По пригородной автотрассе двигалась колонна бронетехники. На обочине, пропуская колонну, стояли «Жигули». За рулем сидела женщина. Было светло, потому что было утро. Внезапно одна из боевых машин свернула с дороги, аккуратно переехала через «Жигули» и, возвратившись на дорогу, продолжила движение в колонне. Женщиной, которая находилась в машине и спешила на работу в то утро, была доктор химических наук, профессор Светлана Мамедова, первая женщина-ученый, получившая степень доктора наук в области высокомолекулярных соединений.
Броневая колонна шла по улицам города. Из неё продолжали раздаваться пулеметные очереди, просто так – по окнам роддома, по детской больнице, по жилым домам… На полу одной из квартир лежала бездыханная семнадцатилетняя девушка. Её звали Верочка Бессантина, пуля попала ей в голову. По дороге к поселку из города по вызову ехала машина «Скорой помощи». В ней торопился к больным молодой дежурный врач… Солдаты расстреляли и машину, и врача, находившегося в ней. Его звали Александр Мархевка. Никто из больных никогда уже его не увидит, но всё-таки он сделал для них всё, что мог тогда: отдал свою жизнь.
На тротуаре городской улицы стоял слепой старик, случайно потерявший свою палку. Мимо проезжала военная колонна. Один из солдат спрыгнул с БТРа, подошел к старику, ударом приклада свалил его на асфальт, вторым ударом при помощи штык-ножа добил слепого и вернулся назад, на броню. Колонна двигалась дальше.
Я видел много фотографий. И на каждой из них было множество расстрелянных и раздавленных танками тел: в морге, а больше – просто на городском асфальте. Среди них были взрослые и дети, мужчины и женщины, подростки и старики. Все они умерли в ту ночь или наутро. Помню фотографию подростка без ног, которые по-видимому остались под гусеницами. Но он умер не от этого, нет. За ухом у него я разглядел аккуратное пулевое отверстие. Значит, стреляли в упор. Значит, раненых добивали.
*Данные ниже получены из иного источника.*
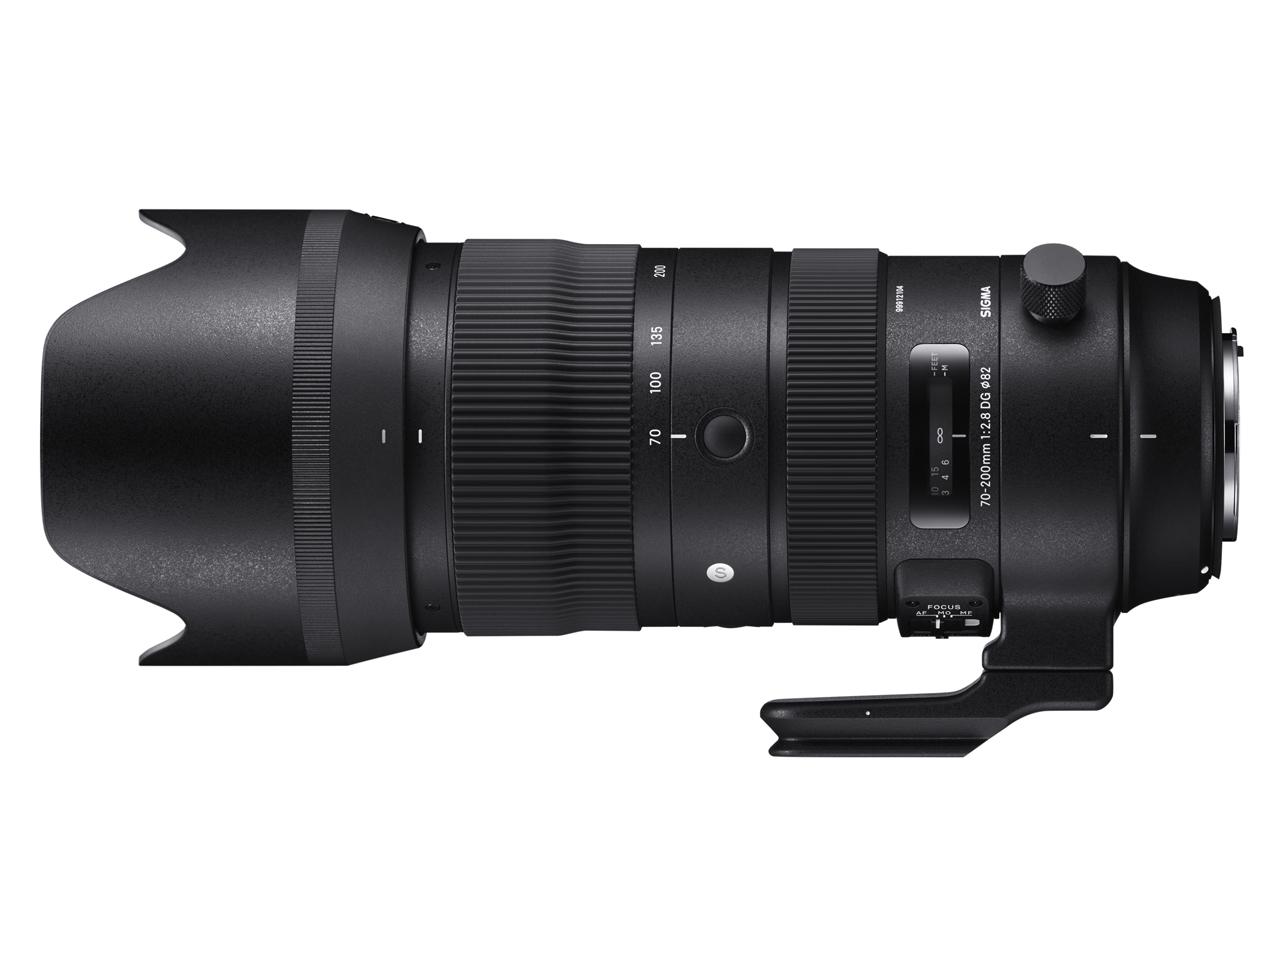 70-200mm F2.8 DG OS HSM [キヤノン用] の製品画像

Я помню (через целый месяц после этих событий, уже в конце февраля!), как удивили меня странные ржаво-коричневые потеки вдоль тротуарного бордюра в районе площади, которую с тех пор называют в народе Кровавой. Потом я узнал, что это высохшая кровь – ещё с той ночи. Сколько же её было пролито, если вдоль проезжей части нескольких городских улиц текли к морю кровавые ручьи от тел, расплющенных танковыми траками? Говорят, чтобы скрыть количество убитых, трупы топили в море… Тысячи людей пропали без вести навсегда, сотни – похоронены в бывшем парке культуры и отдыха, превратившемся с той поры в кладбище.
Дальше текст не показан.